**RECORDS FOR THIS EXERCISE**
+++++

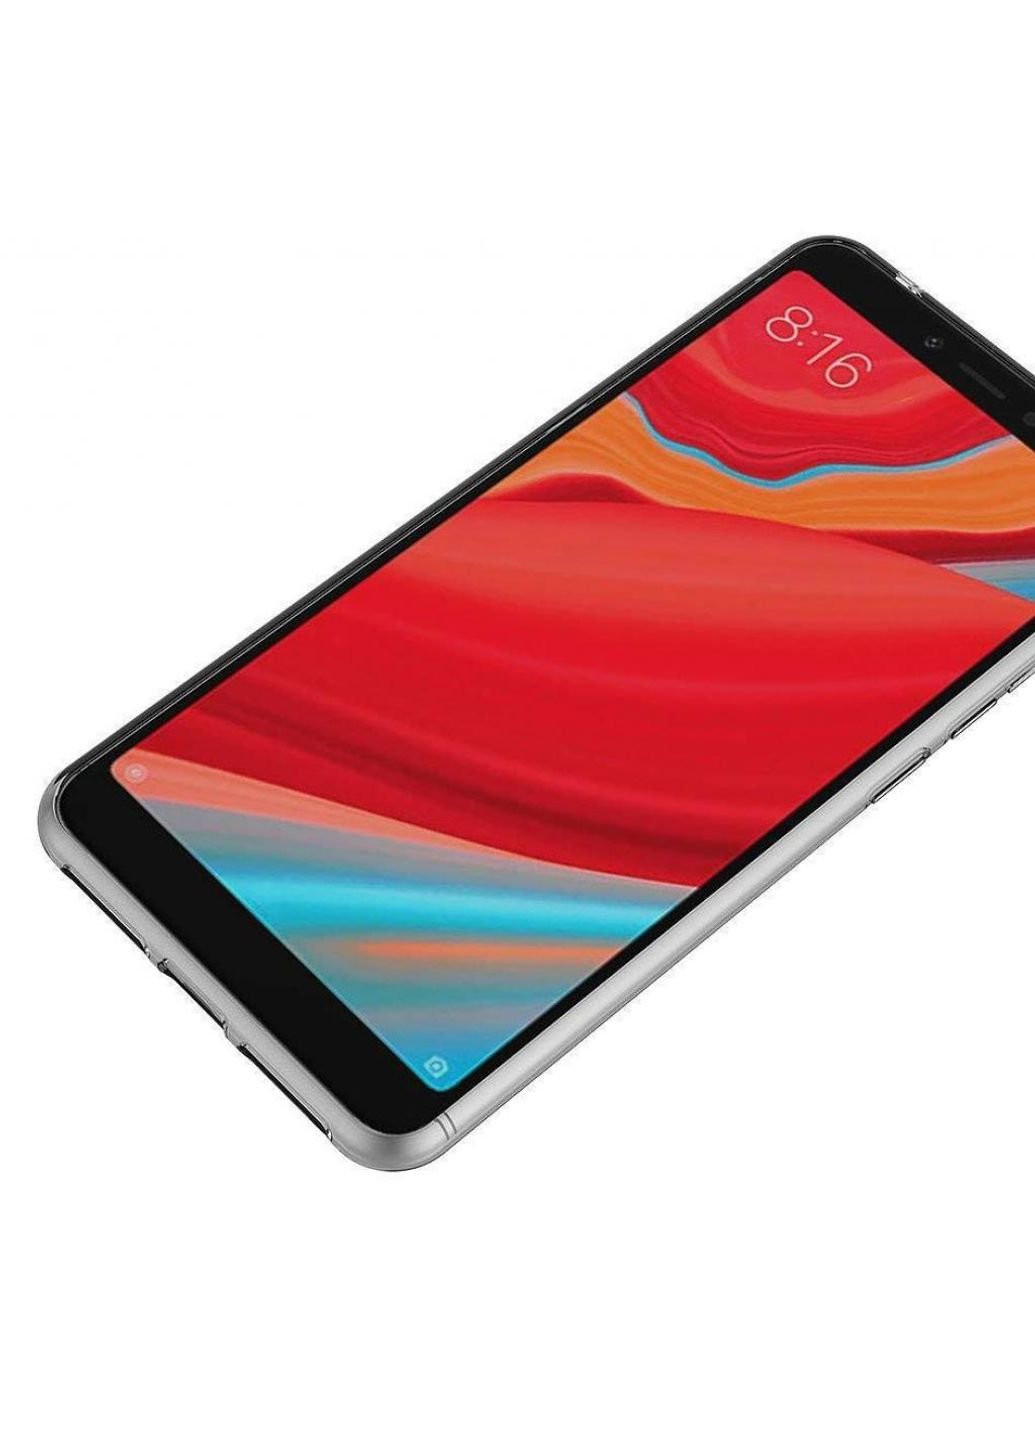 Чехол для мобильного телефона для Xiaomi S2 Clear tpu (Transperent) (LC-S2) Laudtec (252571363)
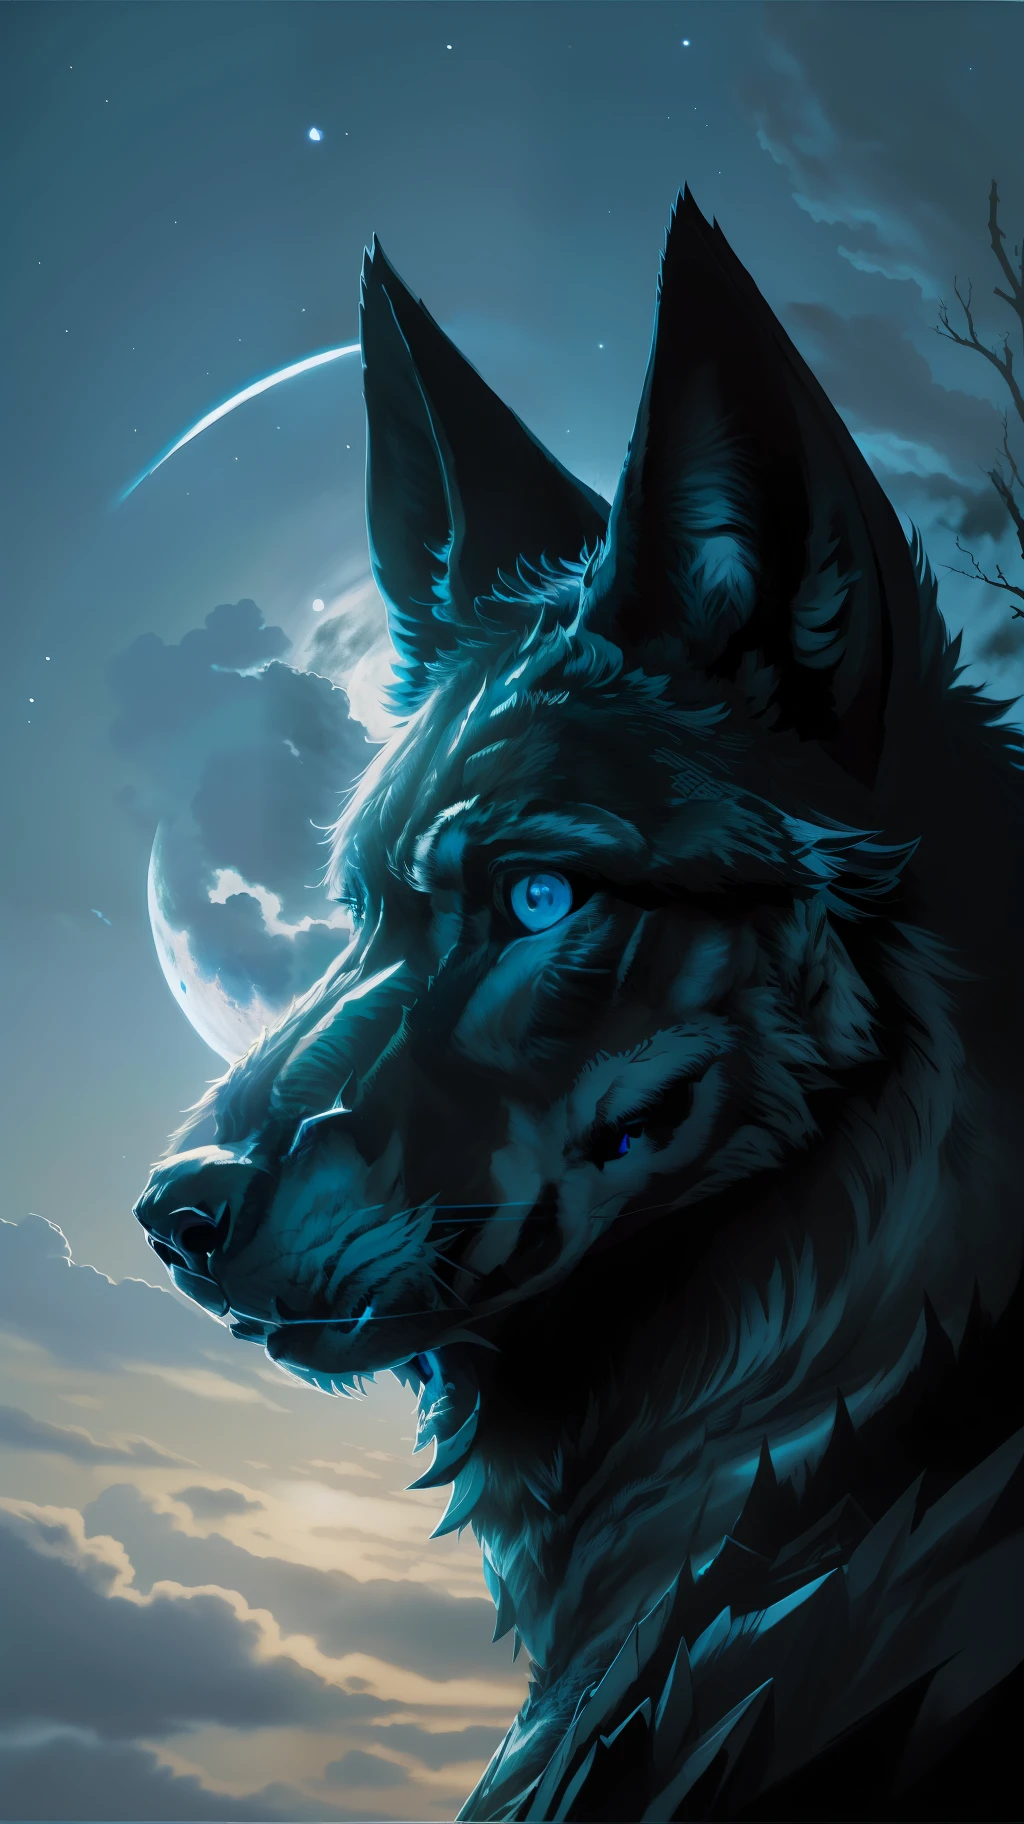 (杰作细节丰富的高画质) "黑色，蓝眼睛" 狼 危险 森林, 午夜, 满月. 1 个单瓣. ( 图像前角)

+++++

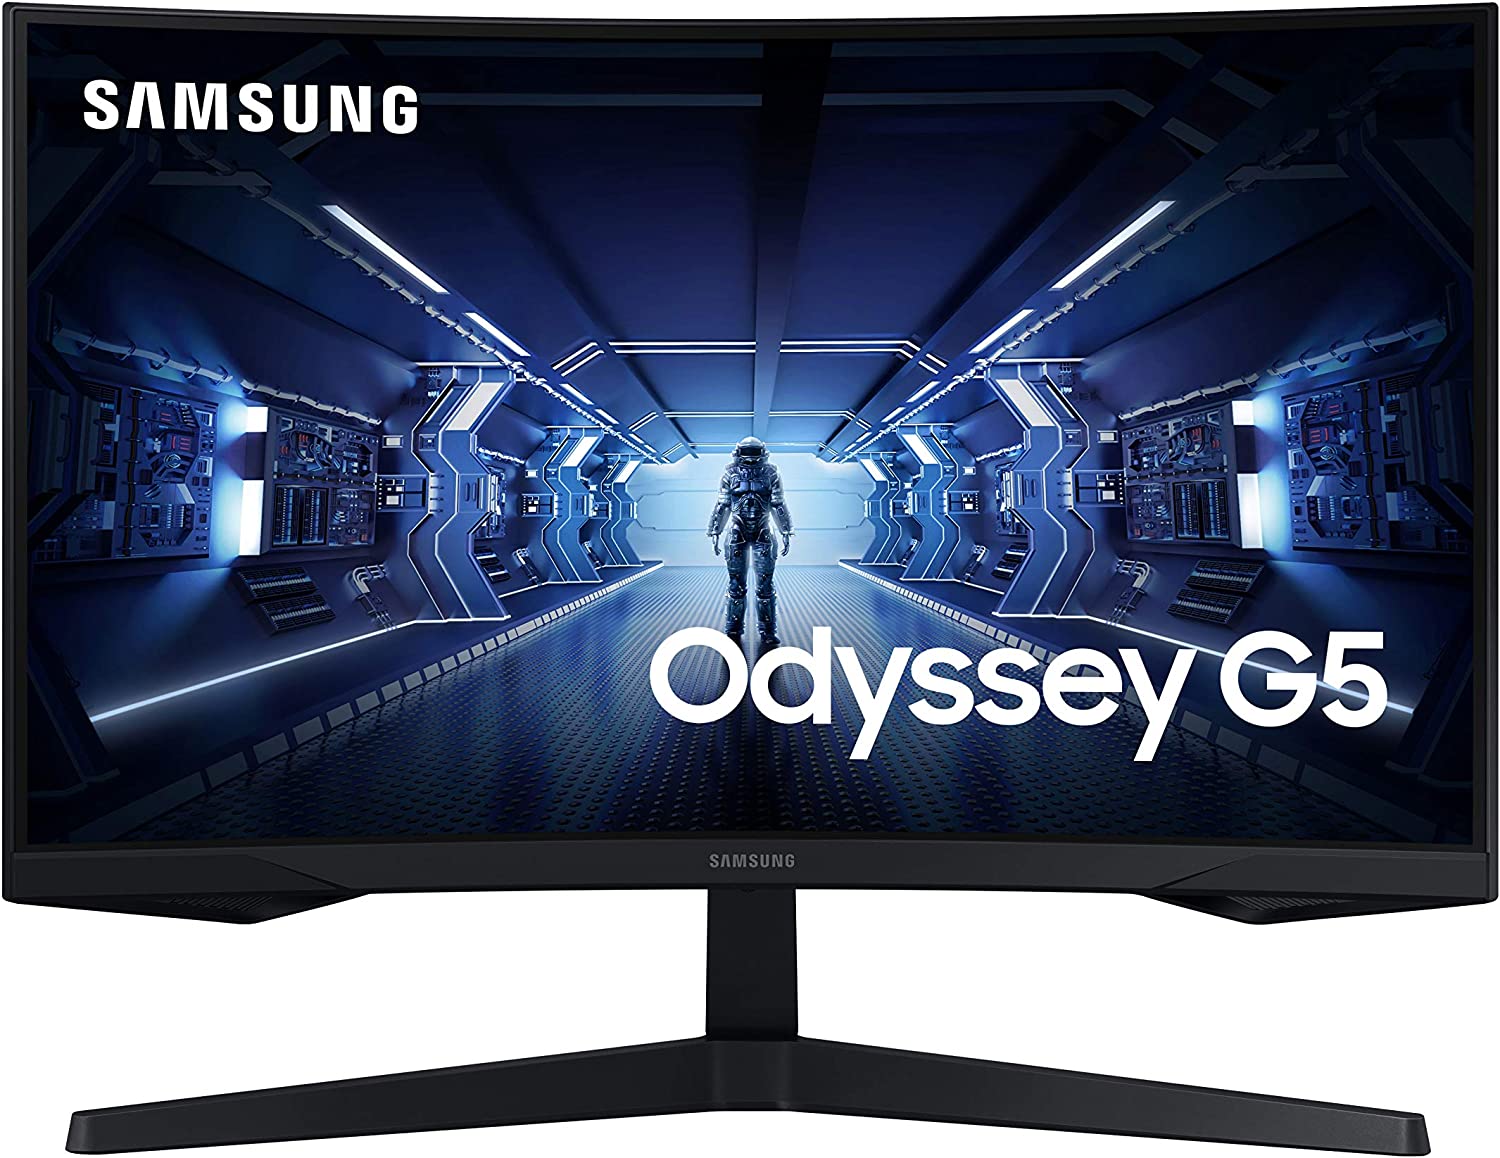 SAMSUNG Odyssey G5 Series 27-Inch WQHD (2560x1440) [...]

+++++

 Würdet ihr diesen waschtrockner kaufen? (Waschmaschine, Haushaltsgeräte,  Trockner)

+++++

**EXERCISE**
Quote the data above exactly from the line with "Чехол для мобильного" to the line with "个单瓣. ( 图像前角)", both ends counted, and nothing else. Pictures don't go in.

**TASK SOLUTION**
 Чехол для мобильного телефона для Xiaomi S2 Clear tpu (Transperent) (LC-S2) Laudtec (252571363)
 (杰作细节丰富的高画质) "黑色，蓝眼睛" 狼 危险 森林, 午夜, 满月. 1 个单瓣. ( 图像前角)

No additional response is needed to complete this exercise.